- Genre: Science fiction
- Based on: UFO Crash at Roswell by Kevin D. Randle; Donald R. Schmitt;
- Screenplay by: Arthur Kopit
- Story by: Paul Davids; Jeremy Kagan; Arthur Kopit;
- Directed by: Jeremy Kagan
- Starring: Kyle MacLachlan; Martin Sheen; Dwight Yoakam;
- Music by: Elliot Goldenthal
- Country of origin: United States
- Original language: English

Production
- Executive producers: Paul Davids; David R. Ginsburg;
- Producers: Jeremy Kagan; Ilene Kahn Power;
- Cinematography: Steven Poster
- Editors: David Holden; Bill Yahraus;
- Running time: 91 minutes
- Production companies: Viacom Pictures; Citadel Entertainment;

Original release
- Network: Showtime
- Release: July 31, 1994

= Roswell (film) =

1994 film directed by Jeremy Kagan

Roswell (also known as Roswell: The U.F.O. Cover-Up) is a 1994 American television film based on a supposedly true story about the Roswell UFO incident, the alleged U.S. military capture of a flying saucer and its alien crew following a crash near the town of Roswell, New Mexico, in July 1947. Along with the Roswell crash, the film references prominent UFOlogy events such as Area 51, alien autopsies, the death of James Forrestal and Majestic-12.

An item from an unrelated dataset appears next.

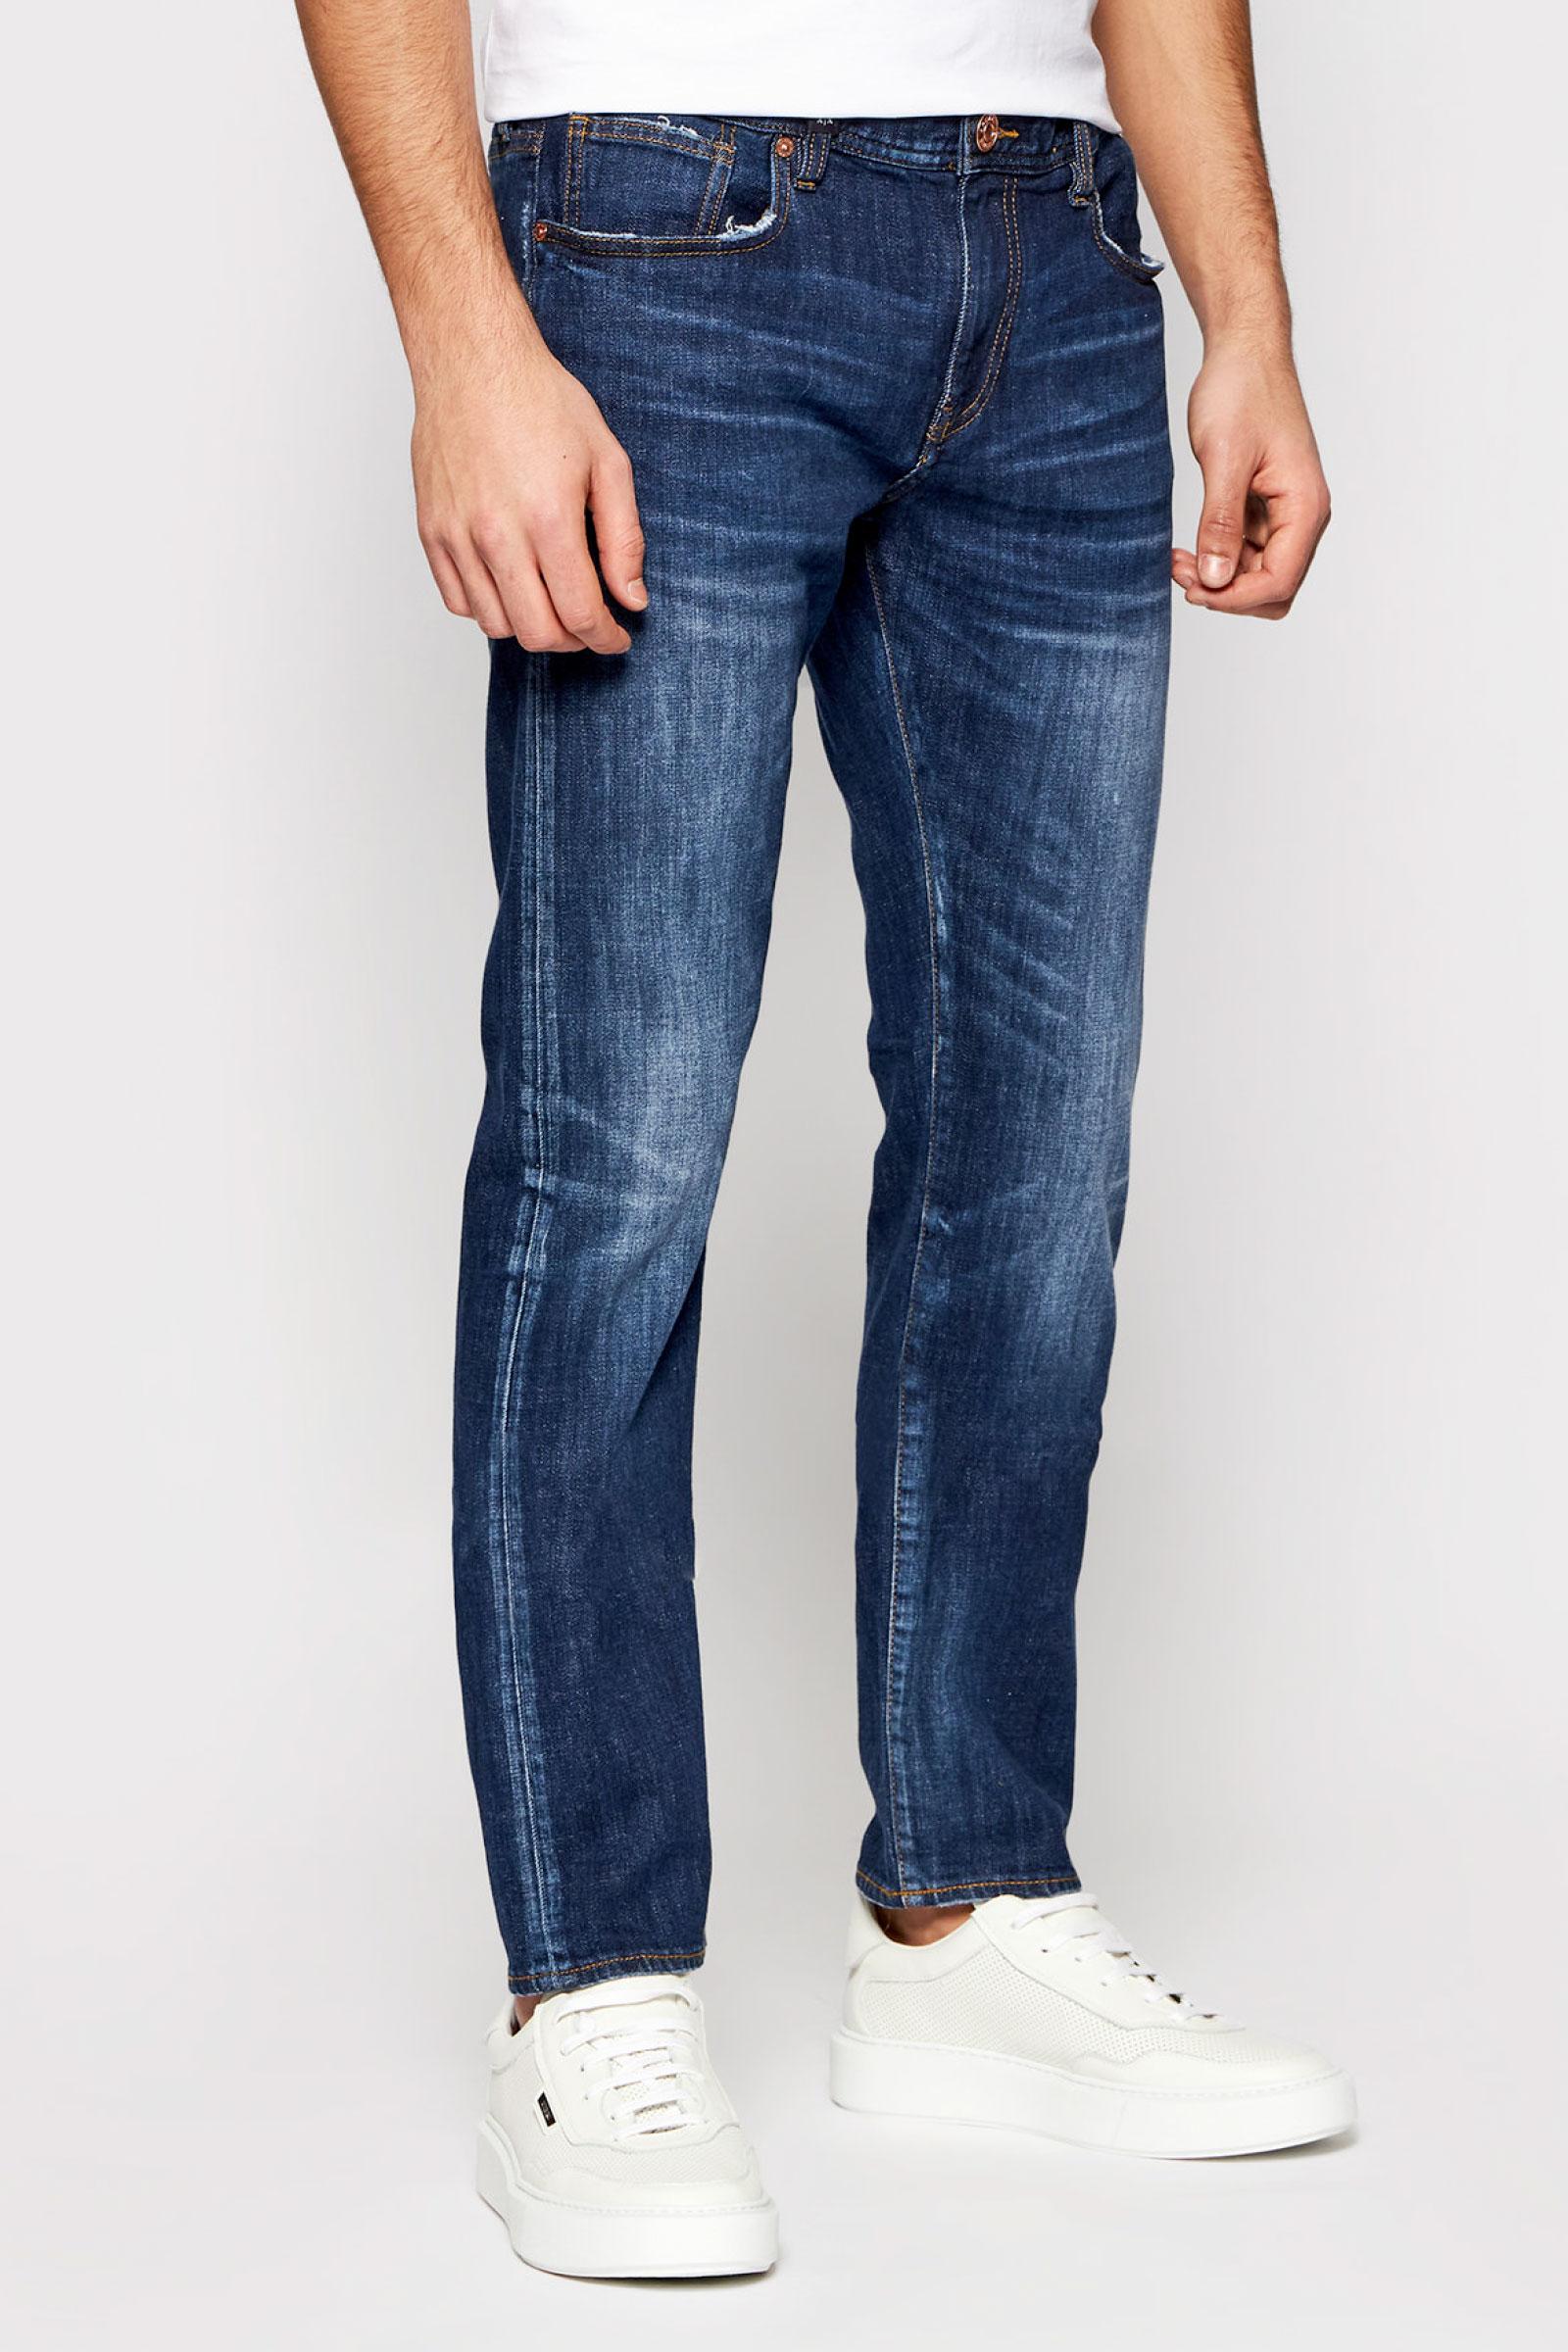 ARMANI EXCHANGE Jeans Uomo ARMANI EXCHANGE | Jeans | 3KZJ13 Z1LTZ1500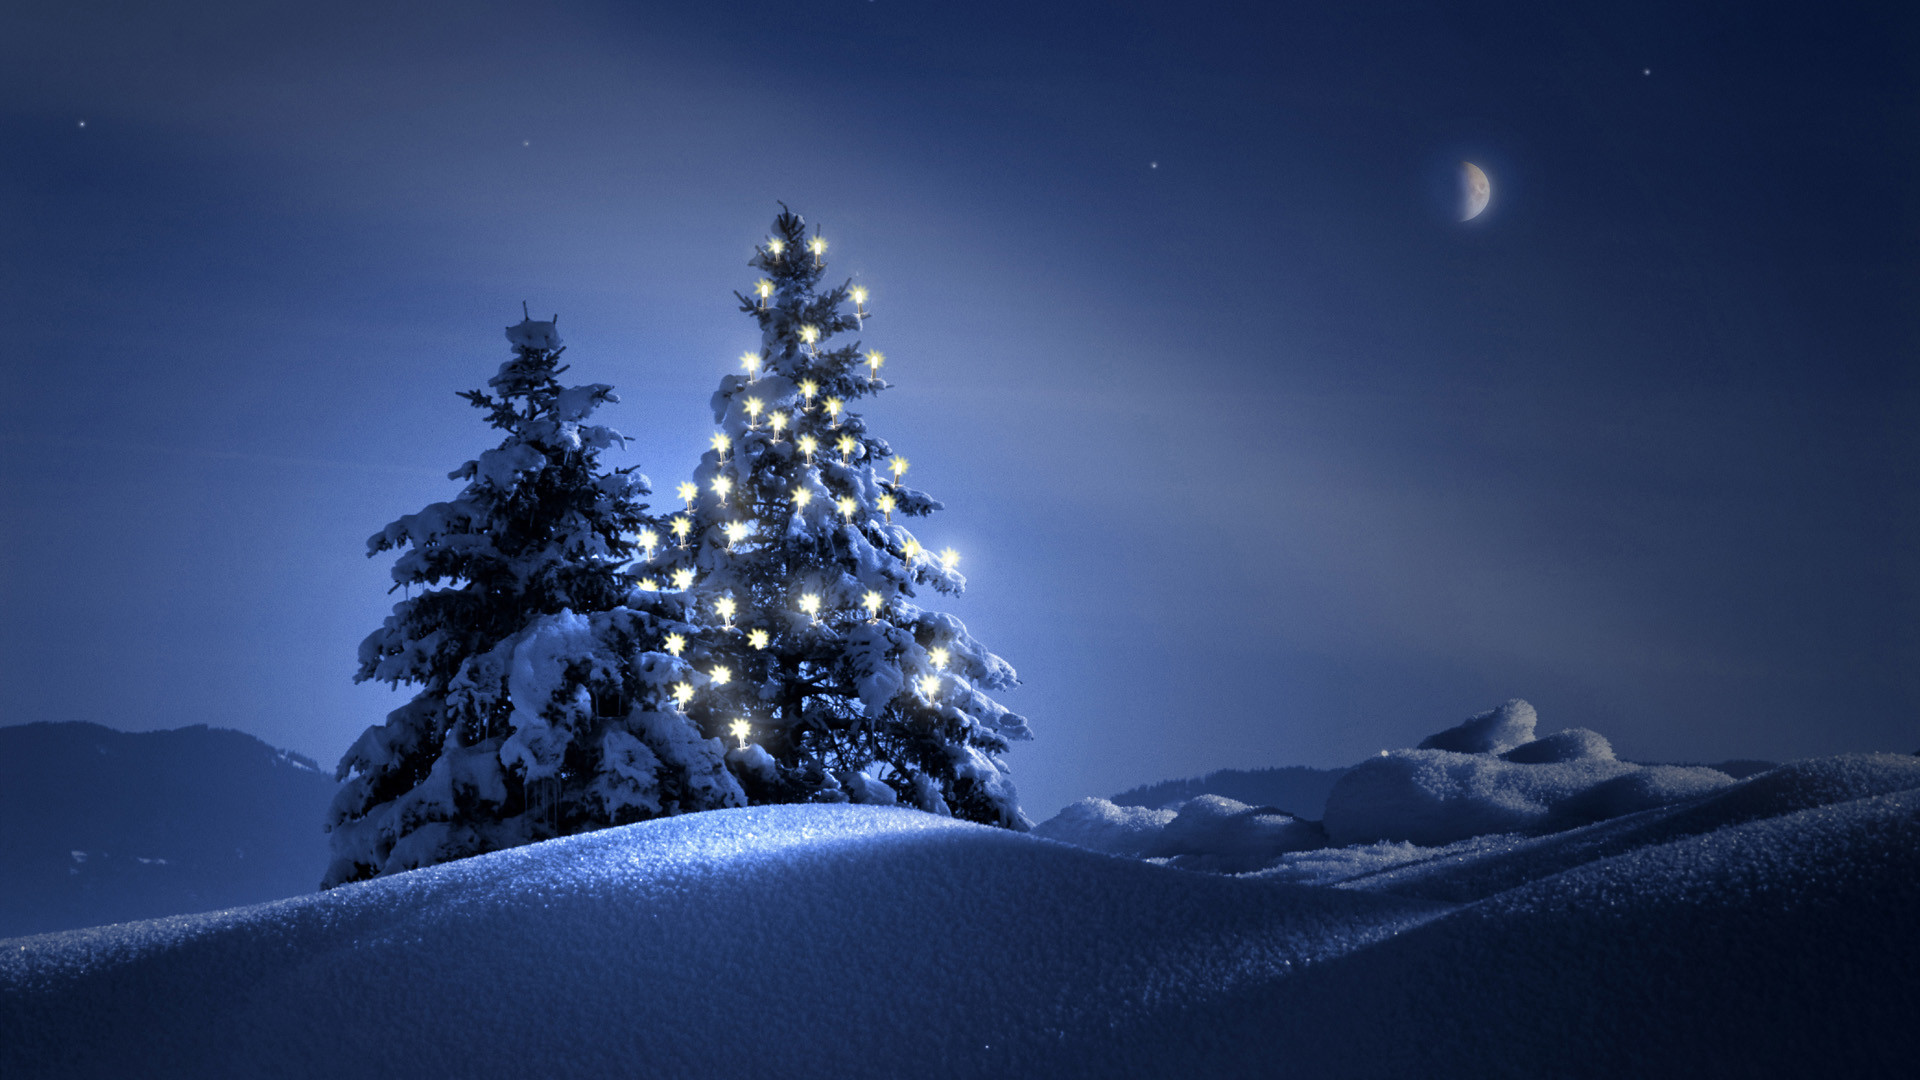 Moon Scenery Backgrounds | … the Heart Up, Very Impressive Scene – HD

The script was based on the book UFO Crash at Roswell, by Kevin D. Randle and Donald R. Schmitt.

==Plot==
Beginning at a 30-year reunion for members of the 509th Operations Group, flashbacks are presented that follow the attempts of Major Jesse Marcel to discover the truth about strange debris found on a local rancher's field in July 1947. Told by his superiors that what he has found is nothing more than a downed weather balloon, Marcel maintains his military duty until the weight of the truth, however out of this world it may be, forces him to piece together what really occurred.

==Reception==
The New York Times reviewed the film as a tense drama, maintaining "an engrossing course". Criticizing the conspiracy aspect, it's noted that "What prevents this professionally fashioned hokum from being a high flier is the annoying question of how a cover-up that involved hundreds or thousands of people could have been maintained for 30 years or even 30 seconds in this expose-prone society."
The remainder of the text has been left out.